Baudrillard’s own photographs, now on display at the Château Shatto gallery in Los Angeles, are often clever, surprisingly earnest images of America: an empty desert, a TV on in an empty room. He had an abiding fascination with America, dedicating an entire book to it, USA (1986), who wrote that Americans “have no identity…but they do have beautiful teeth.”
For Baudrillard, photography has the power to make the world both less banal and more fascinating. What he likes about photographs is their “silence.” He believed that, using canted angles, strange crops or reflections, fine art photography could retain a sense of mystery—maintain allure—while simple documentary images had the potential to become “obscene,” leaving nothing to the imagination. In other words, photos can make the world smaller and stranger. In his writing, he often sounds fatalistic, but his art is imbued with a glimmer of hope: He wanted his paintings, like those he showed at the 1993 Venice Biennale, to resist simulacra by defamiliarizing reality, creating new patterns rather than replicating old ones.

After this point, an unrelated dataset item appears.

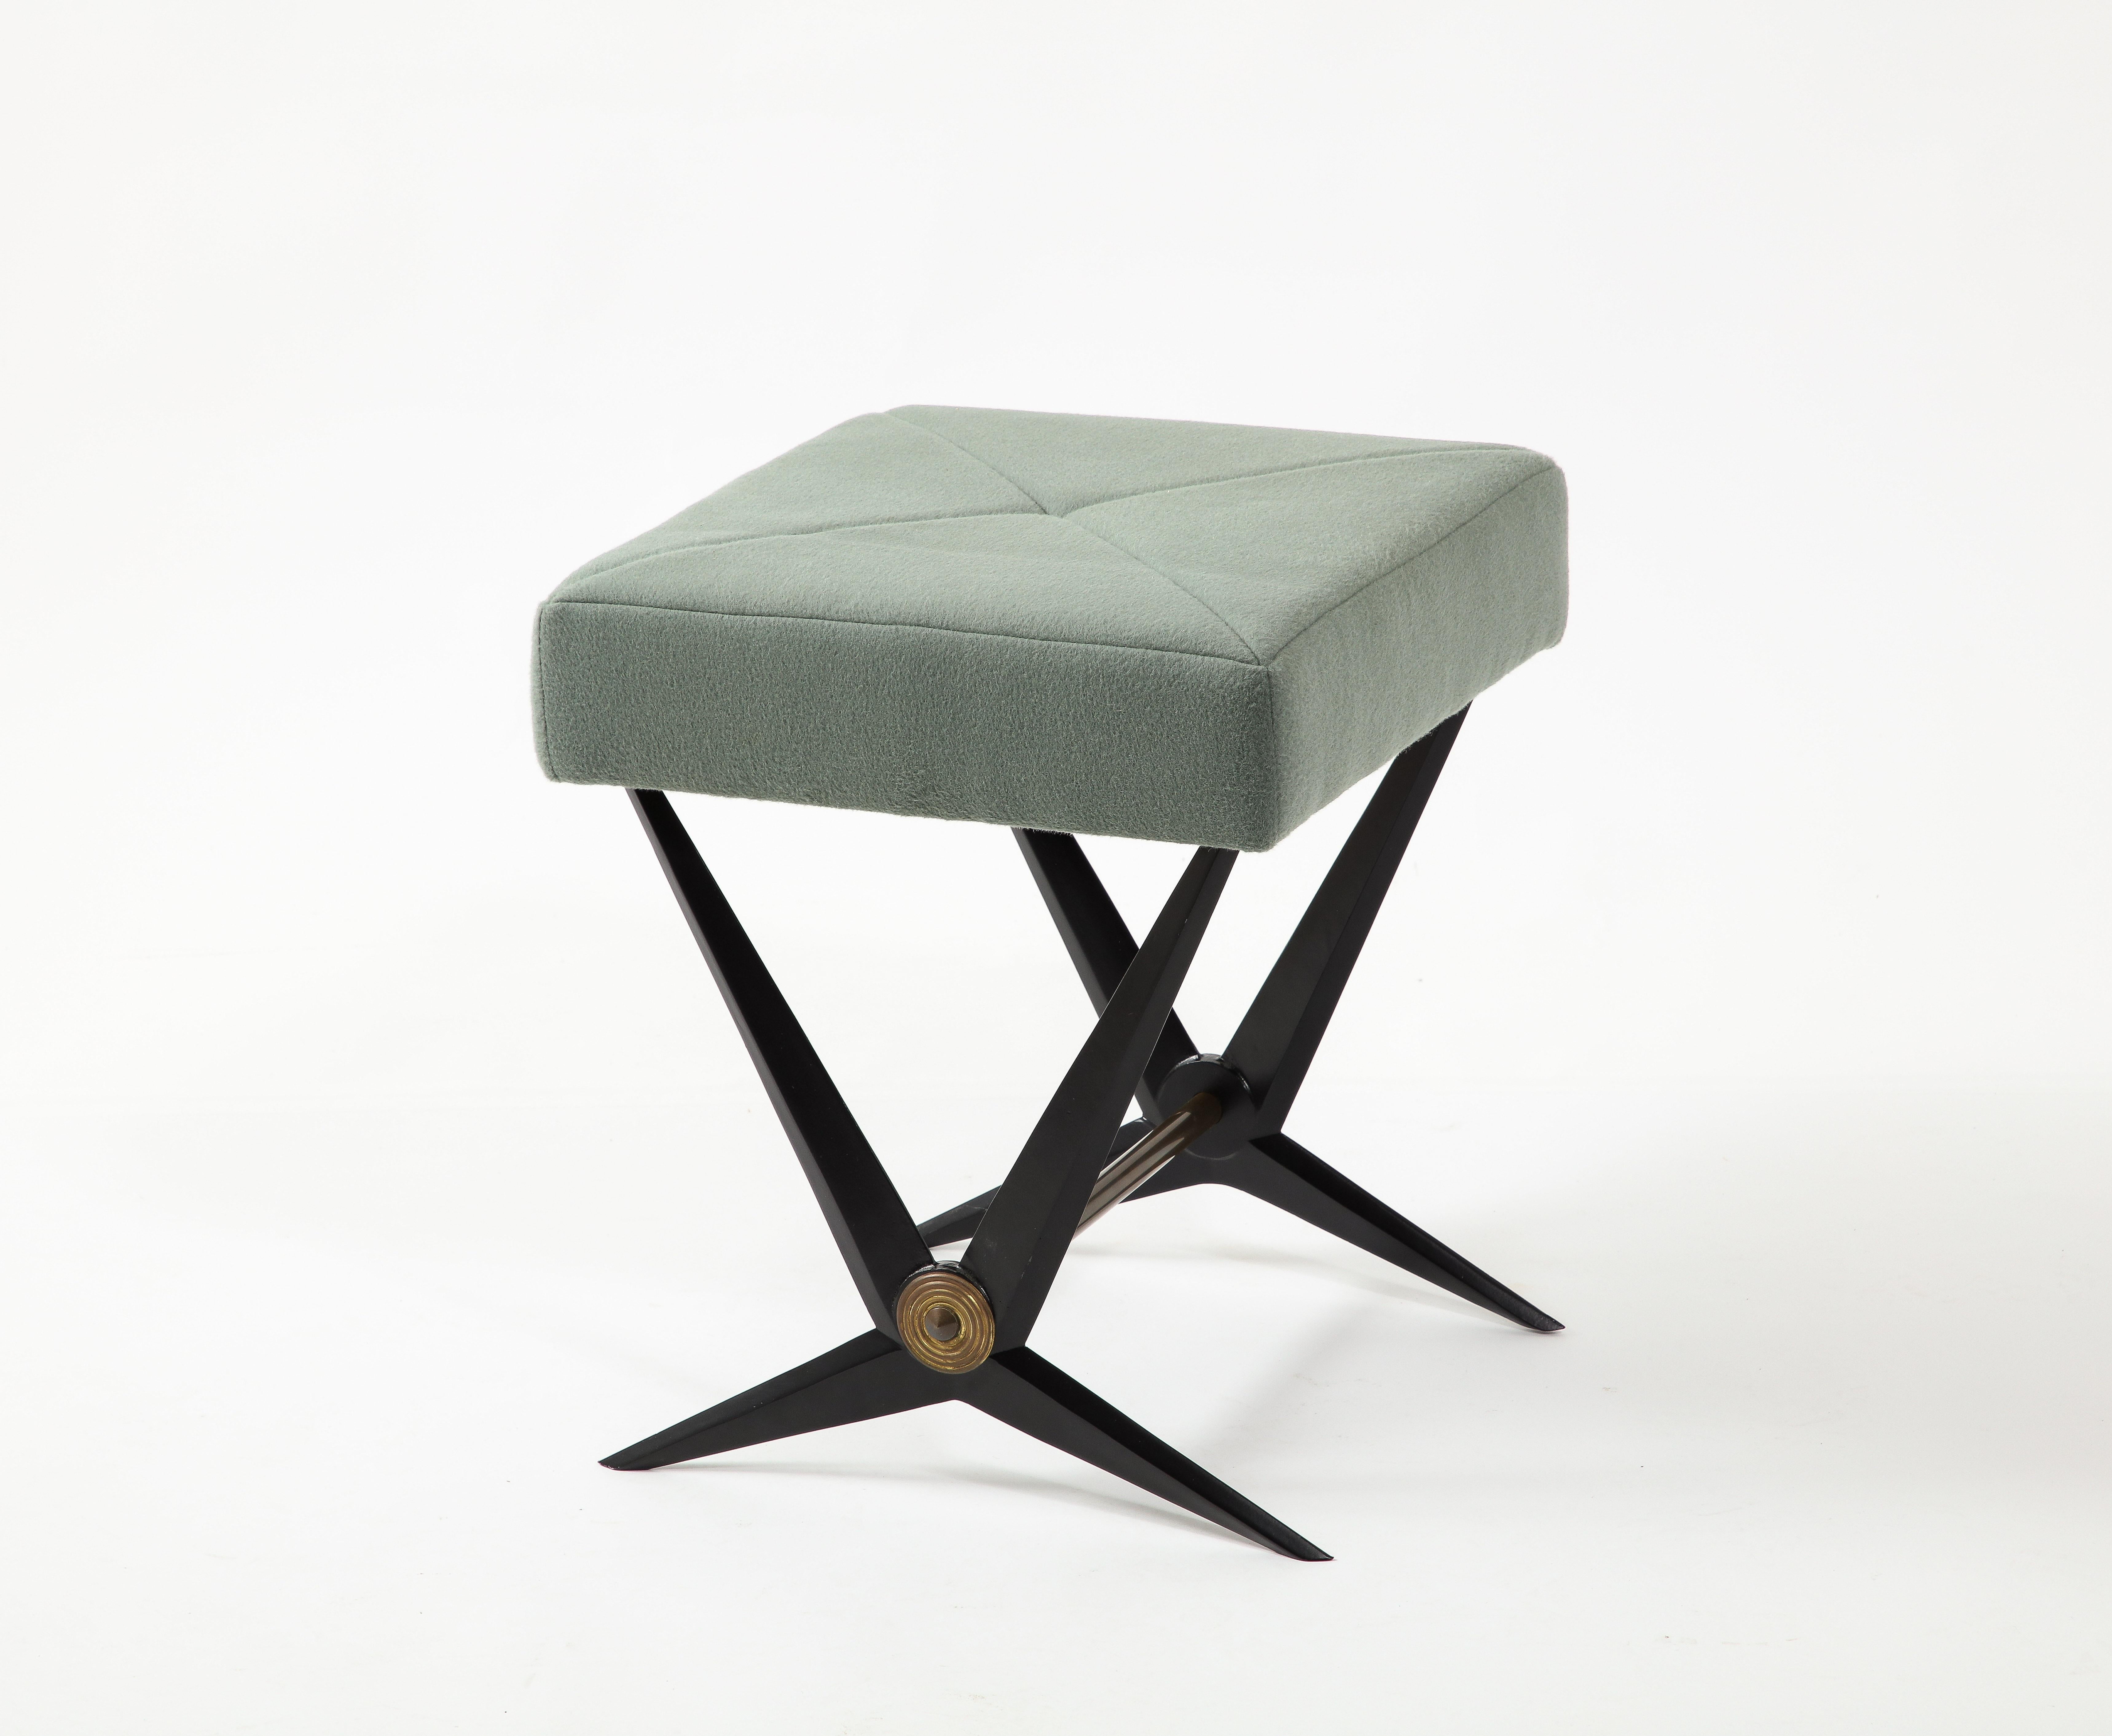 Enameled cast Aluminum and Brass stools with teal wool upholstery.

His last article, “War Porn” (2006), considered the Abu Ghraib photos: horrific, sadistic, and patently obscene. He had spent his life defending seduction over obscenity, but here he could not deny the power of the latter. He acknowledged that the images undermined rather than strengthened the system by revealing what was really going on. He realizes that even in a world where everything seems available and visible, we can still sometimes be shocked.
Baudrillard died the following year, 2007. Yet, as a recent conference slogan quipped, while “Baudrillard may no longer analyze our world,” “he already does.” This new biography not only allows us to speculate on what he thought about our time, but also to ask: What would Baudrillard have done? Do?